### [Task instructions]
The required output is the run of lines from the one holding "How To Get Rid Of Woodlice" through the final line of the listing, restated word for word, with no pictures.

### [Data]
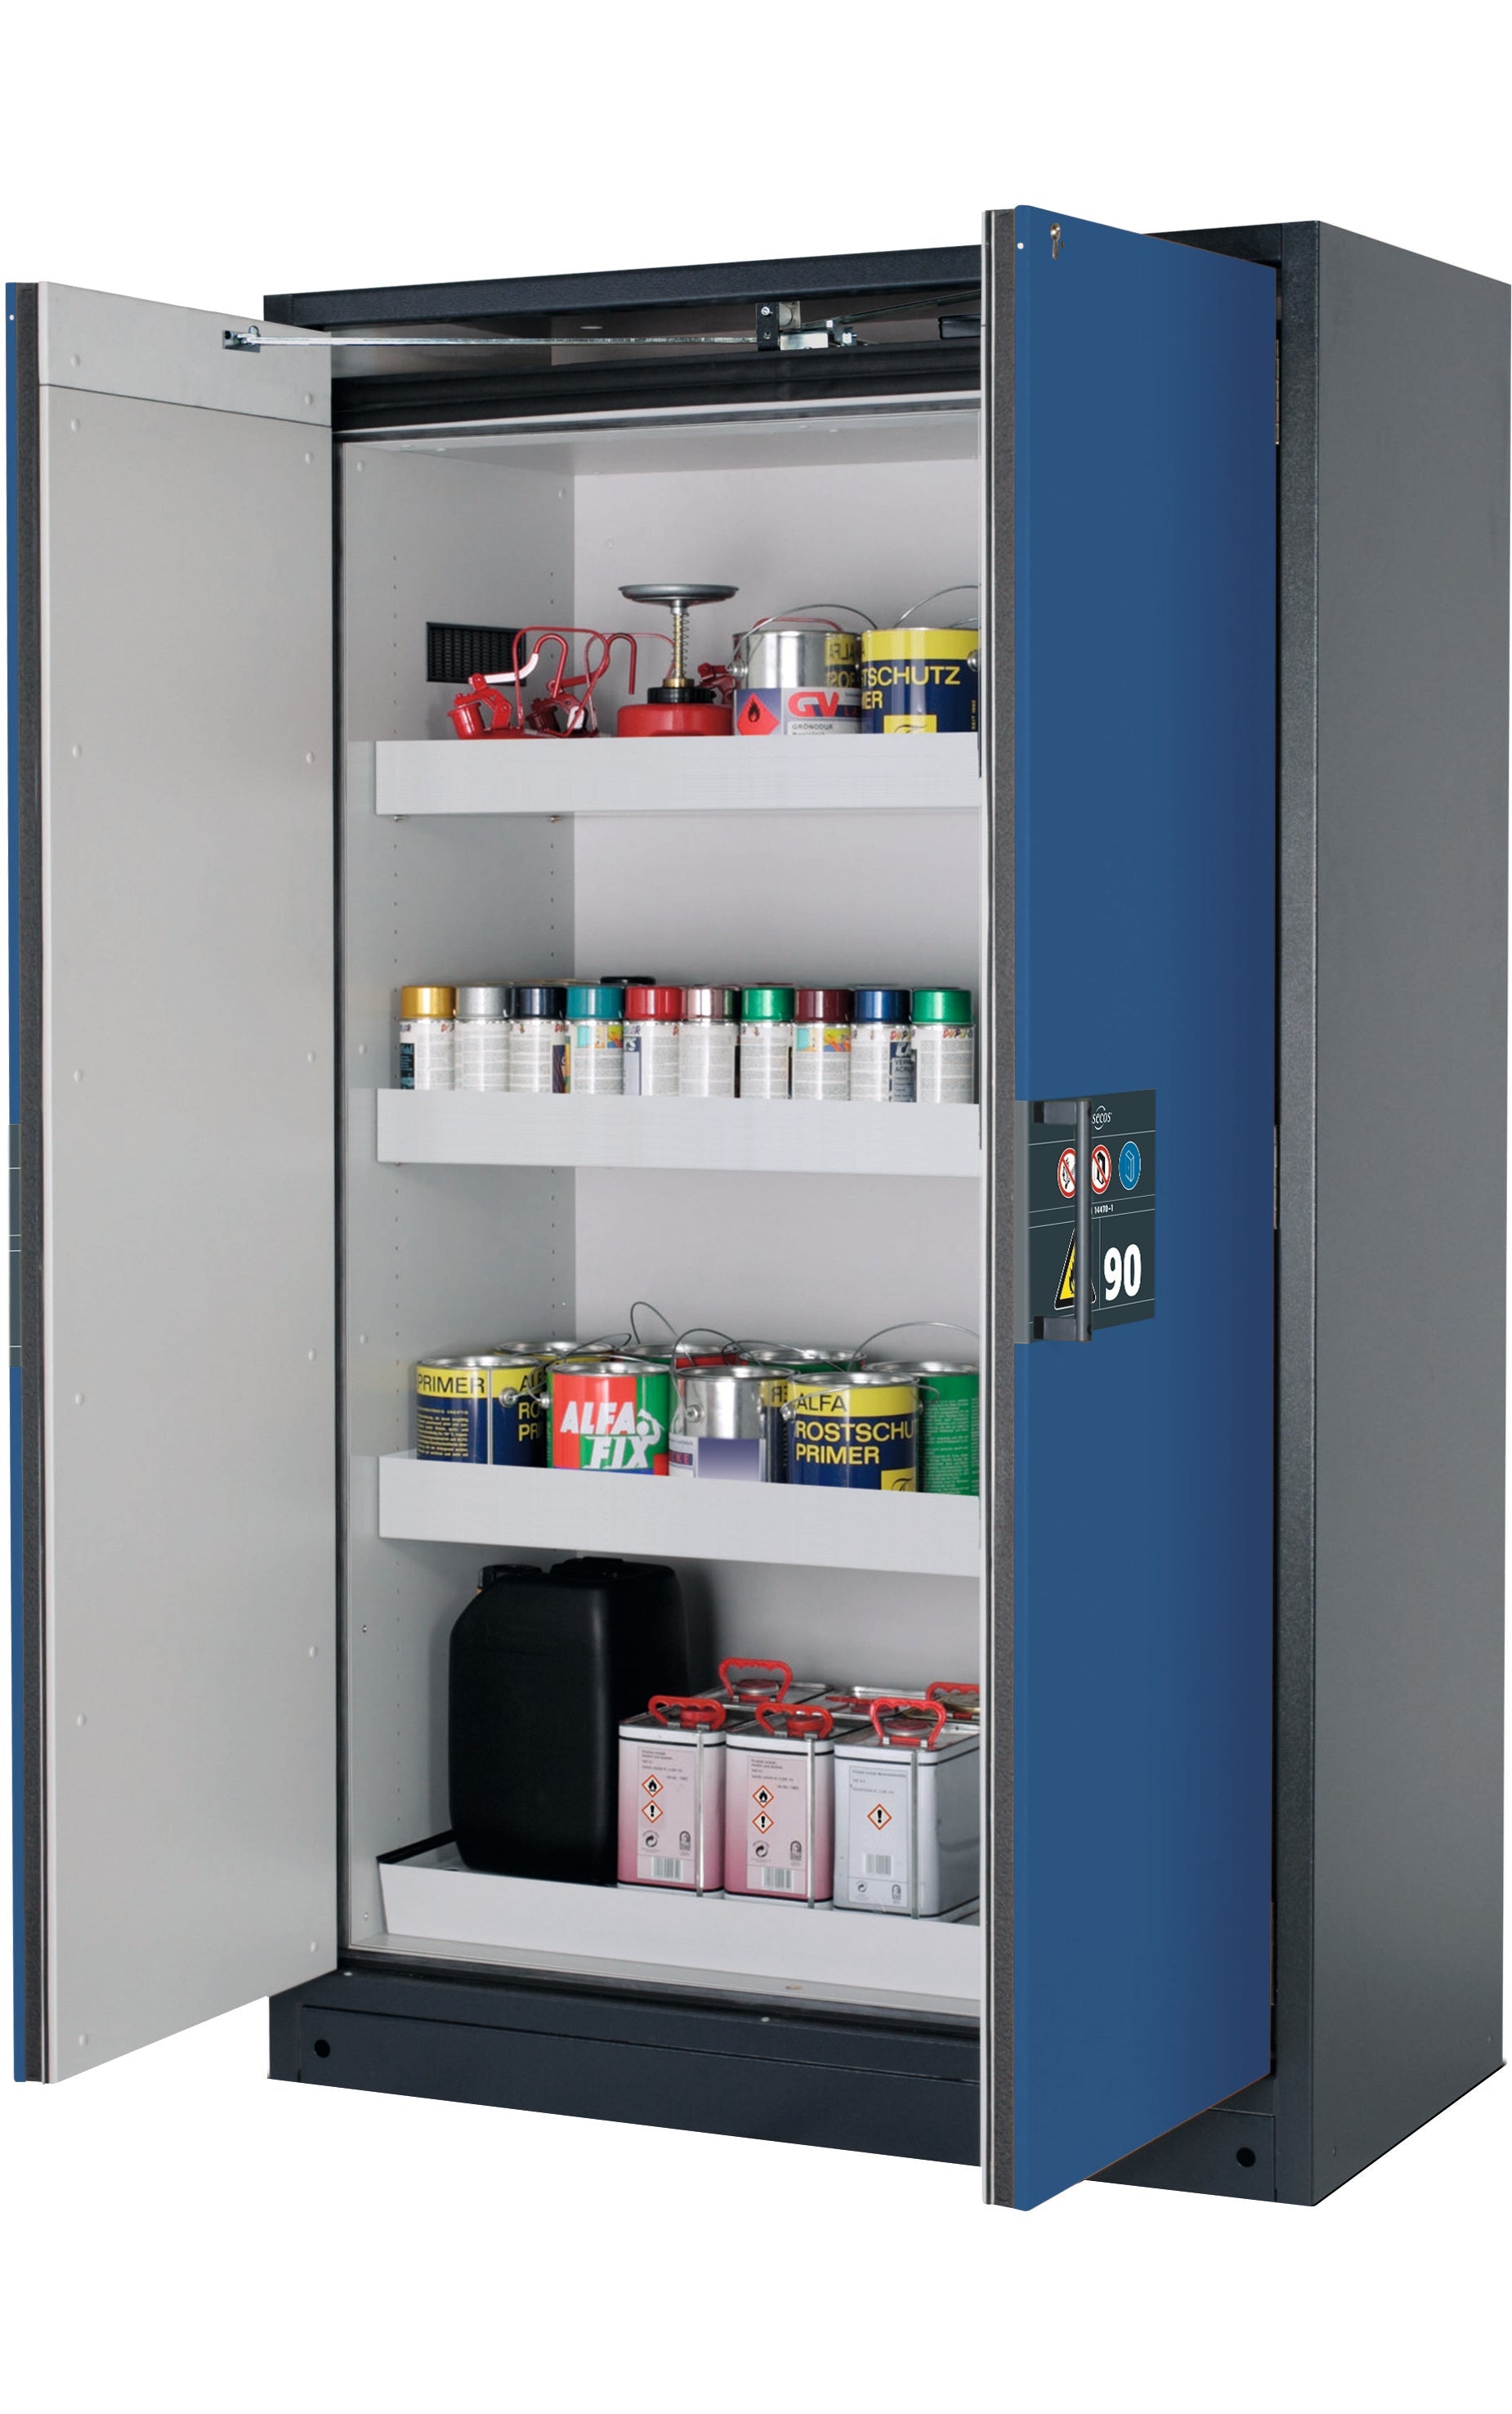 Type 90 safety storage cabinet Q-PEGASUS-90 model Q90.195.120.WDAC in gentian blue RAL 5010 with 3x tray shelf (standard) (sheet steel),
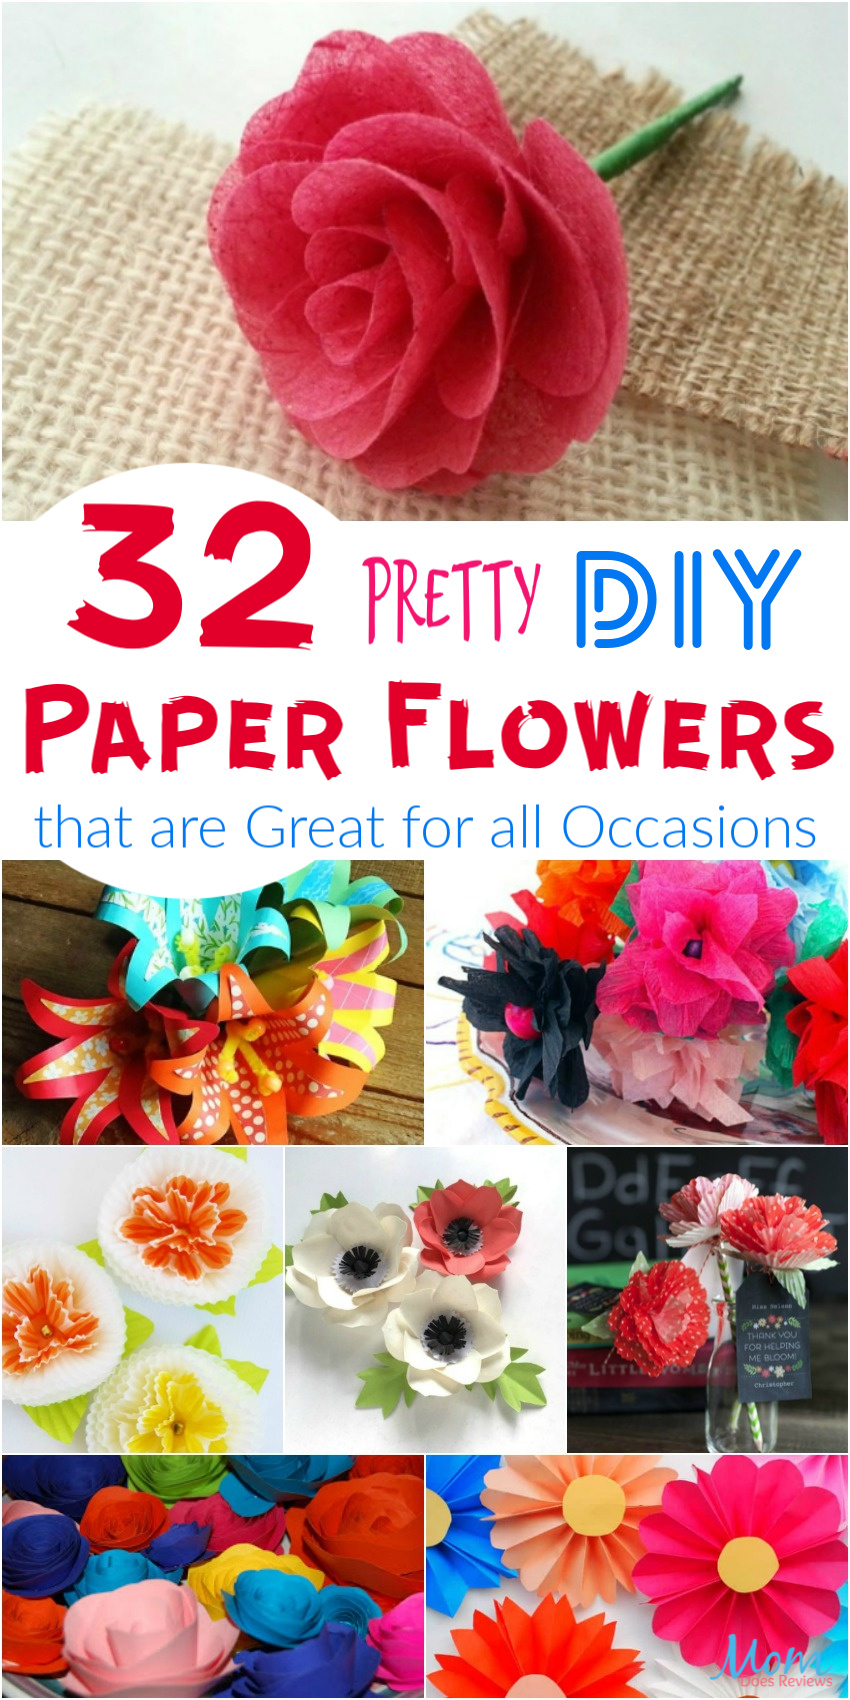 32 Pretty DIY Paper Flowers that are Great for all Occasions
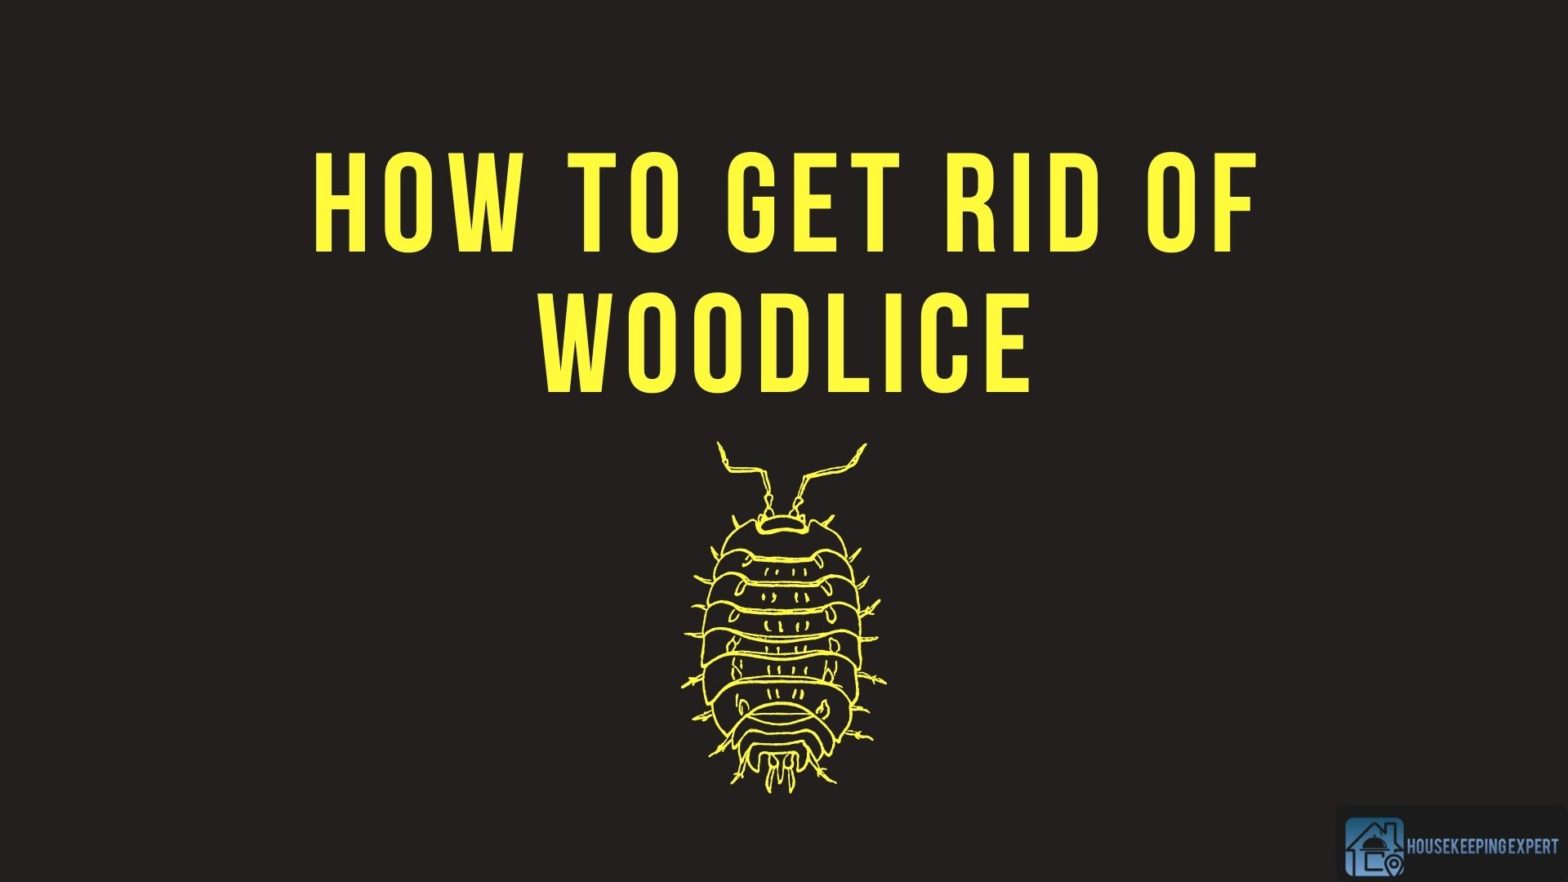 How To Get Rid Of Woodlice
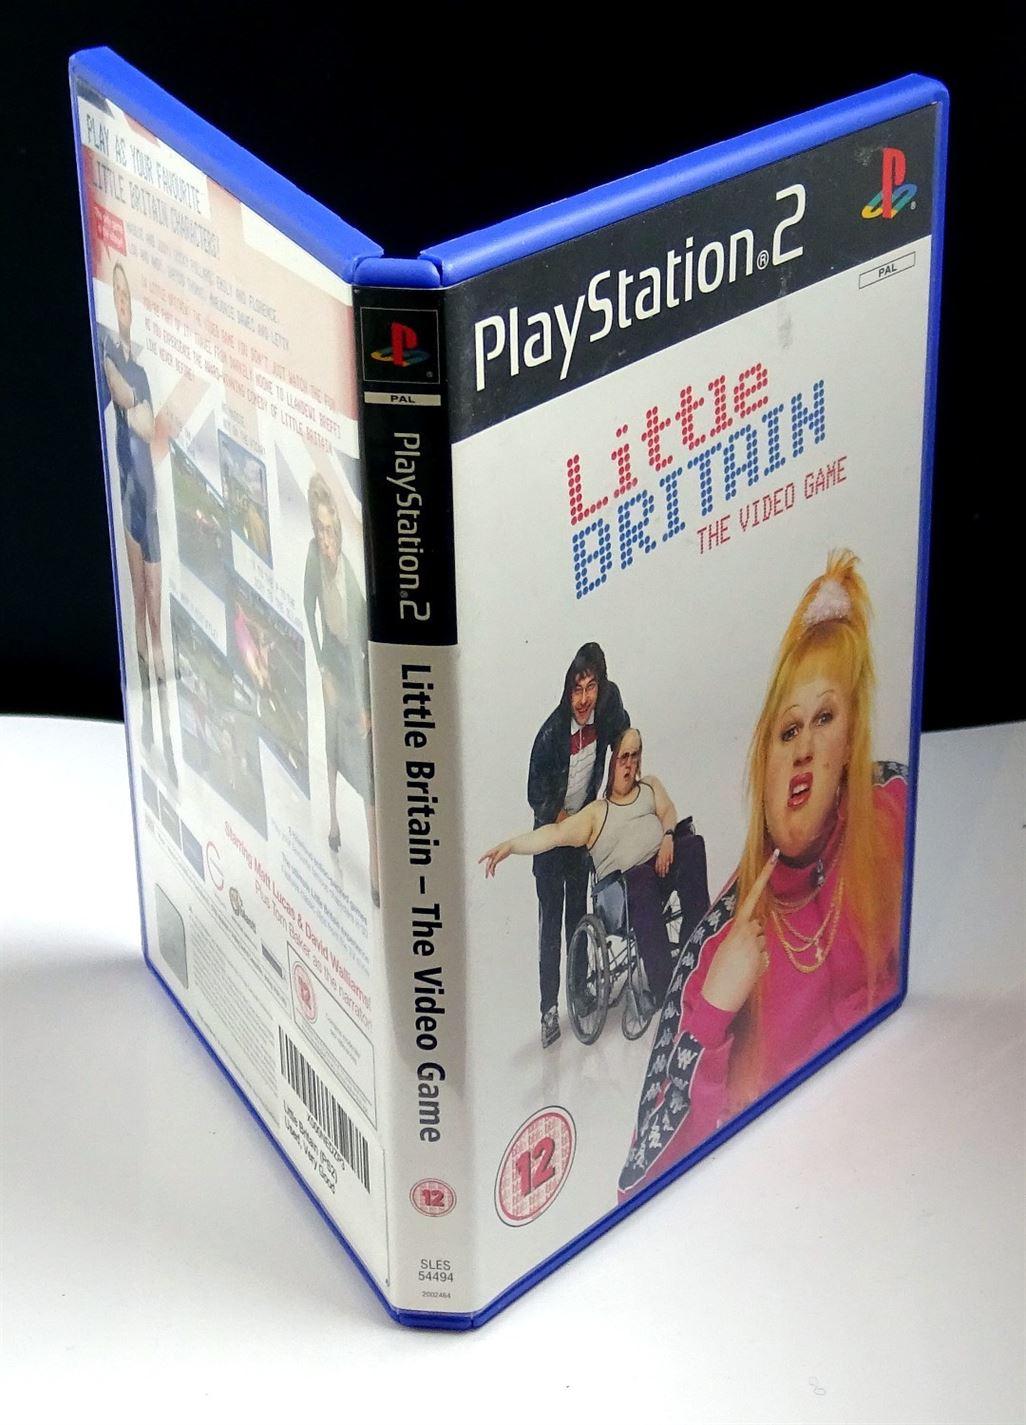 Little Britain: The Video Game PS2 (Playstation 2) - UK Seller

### [Expected output]
 How To Get Rid Of Woodlice
 Little Britain: The Video Game PS2 (Playstation 2) - UK Seller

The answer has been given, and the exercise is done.